[GIVEN INFORMATION]
↓↓↓
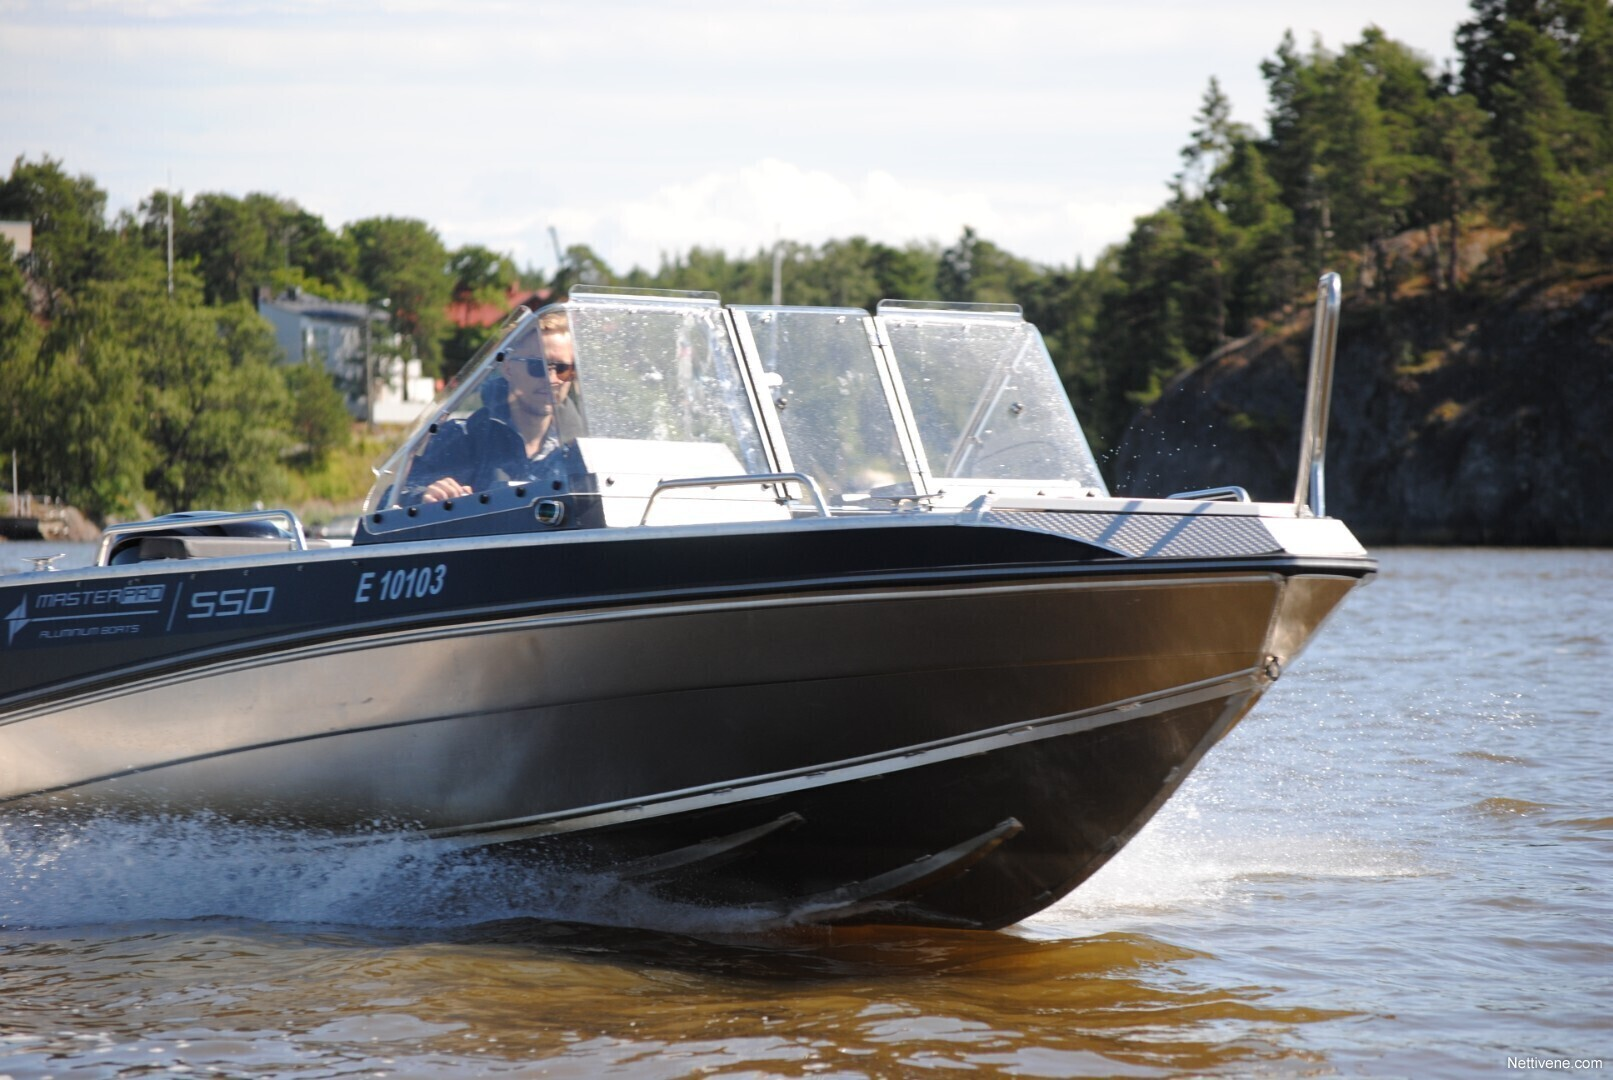 Moottorivene Master Pro 550 + F80
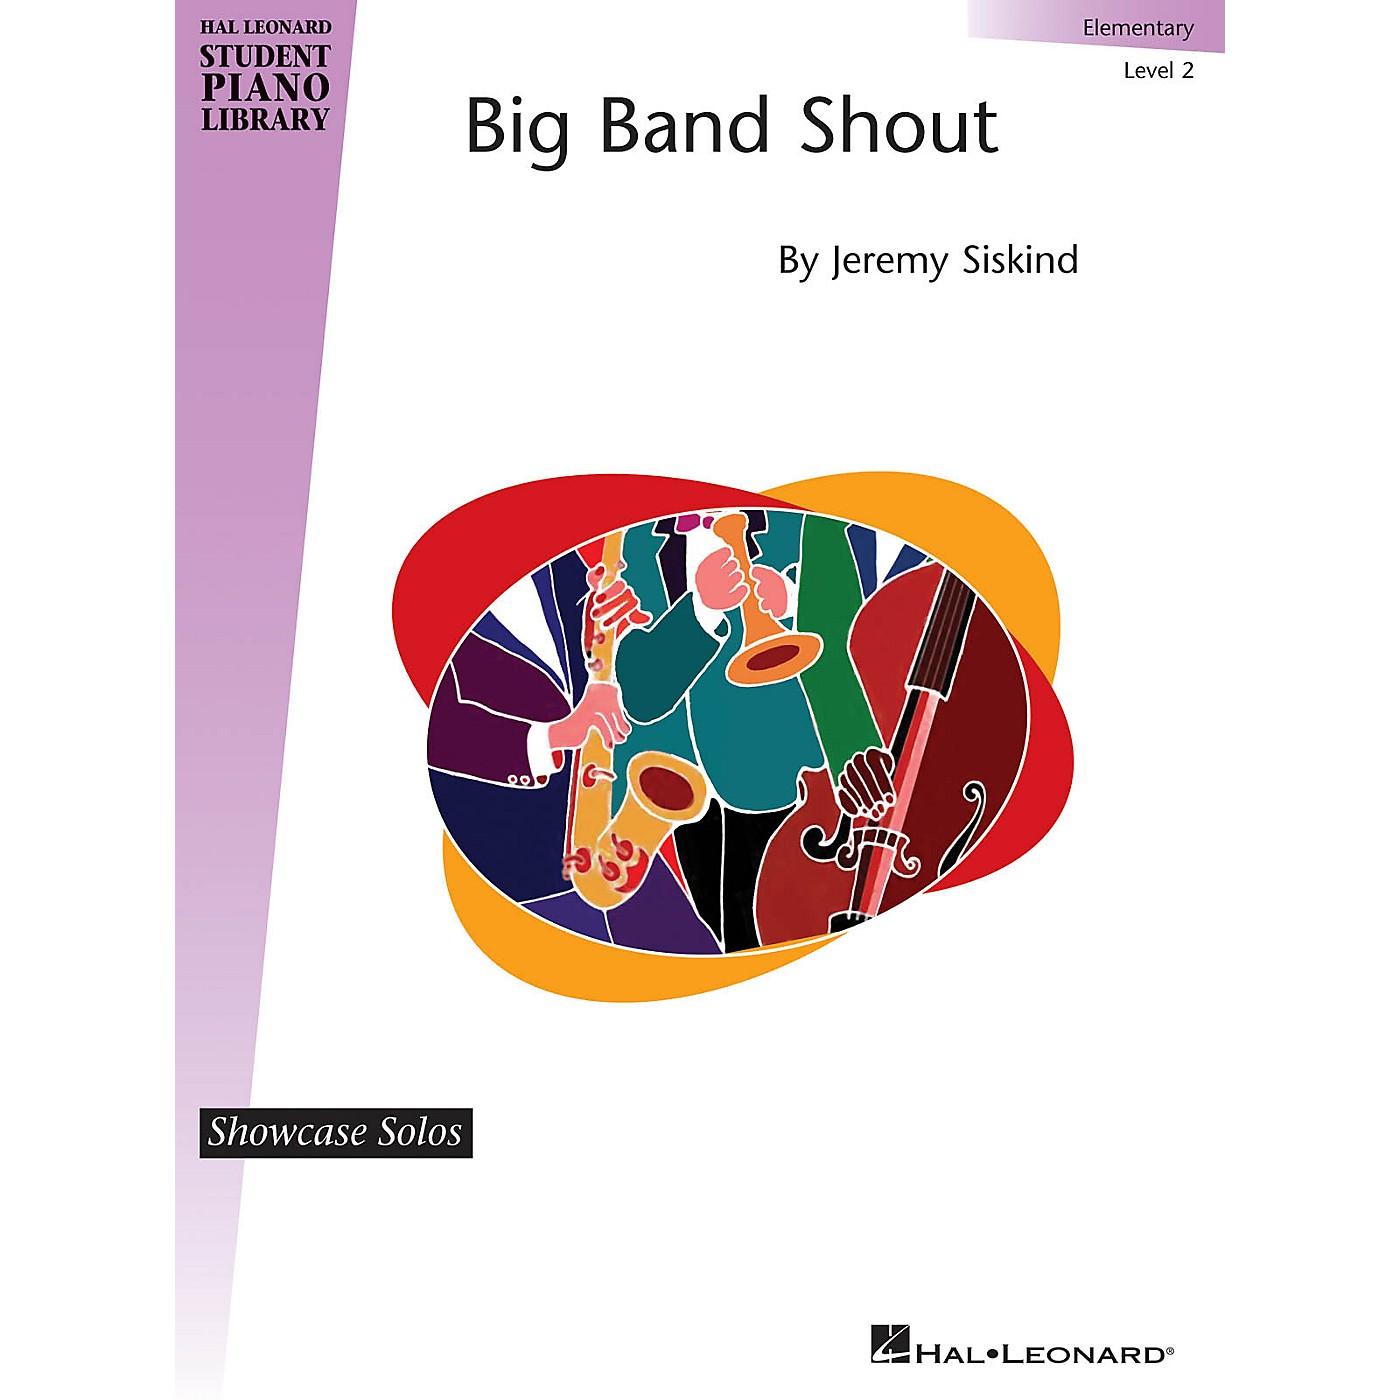 Hal Leonard Big Band Shout Piano Library Series by Jeremy Siskind (Level Elem) thumbnail
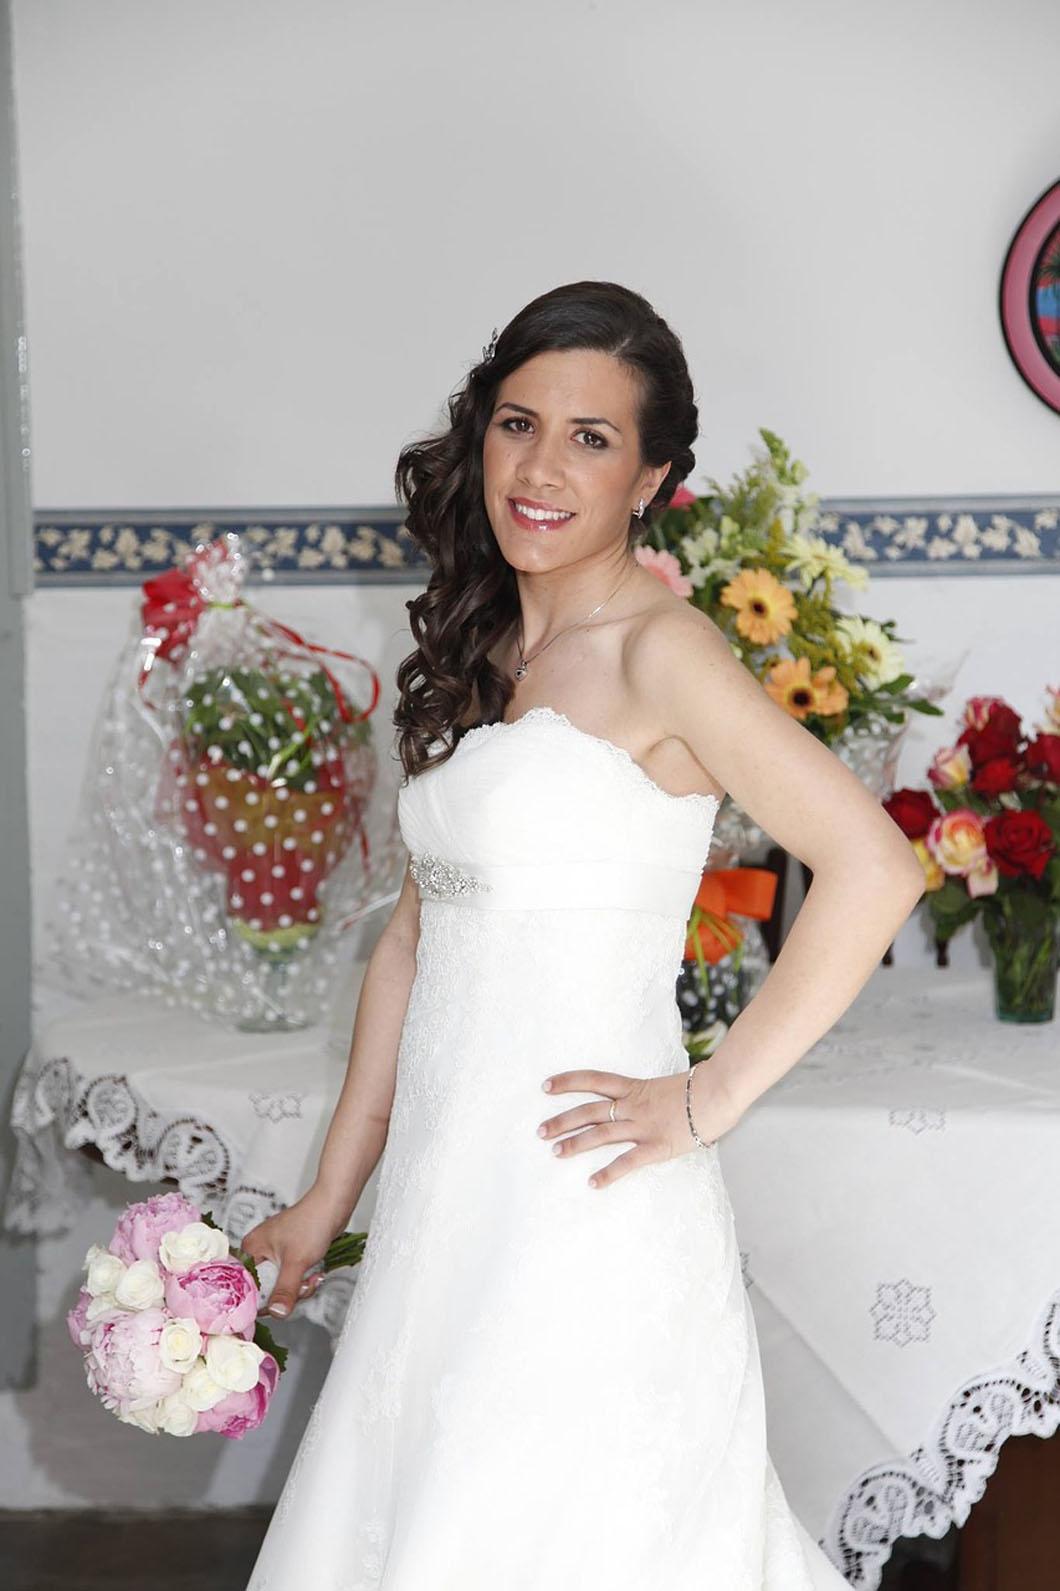 wedding-964807_1280
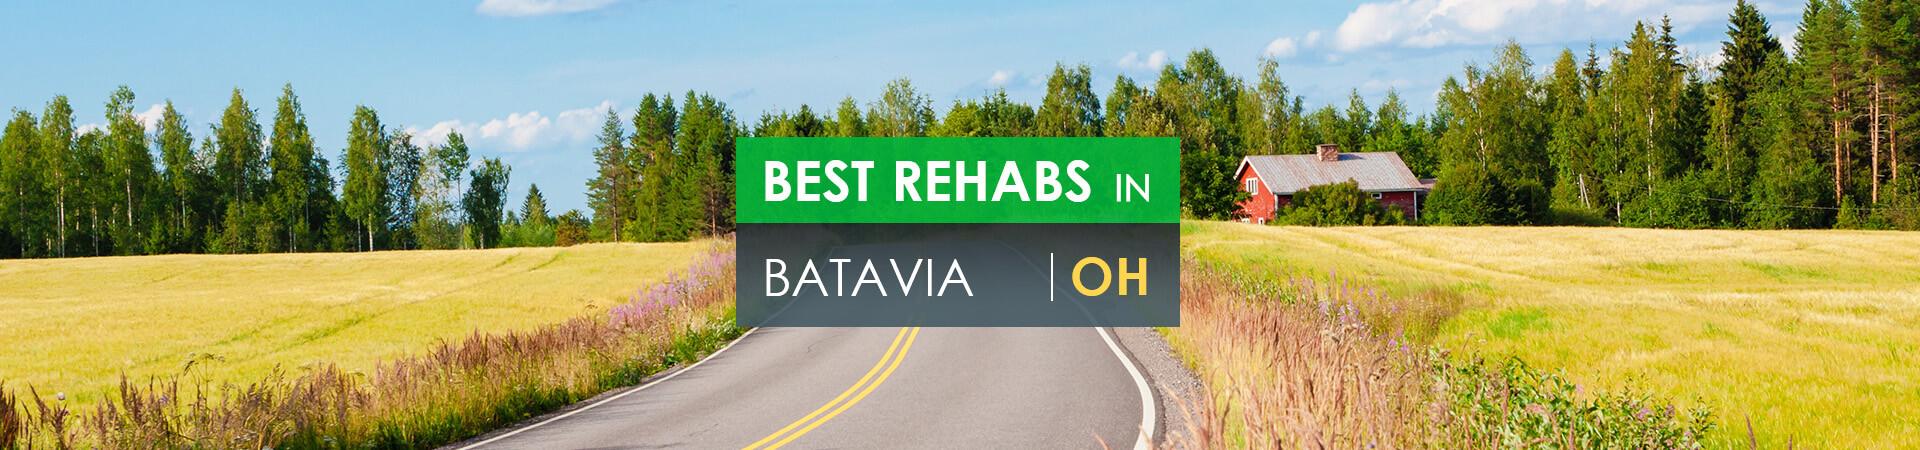 Best rehabs in Batavia, OH
↑↑↑
[PROBLEM REQUIREMENTS] Leave out the pictures and give the rest of the material again, unaltered.

[EXERCISE ANSWER]
 Moottorivene Master Pro 550 + F80
 Hal Leonard Big Band Shout Piano Library Series by Jeremy Siskind (Level Elem) thumbnail
 wedding-964807_1280
 Best rehabs in Batavia, OH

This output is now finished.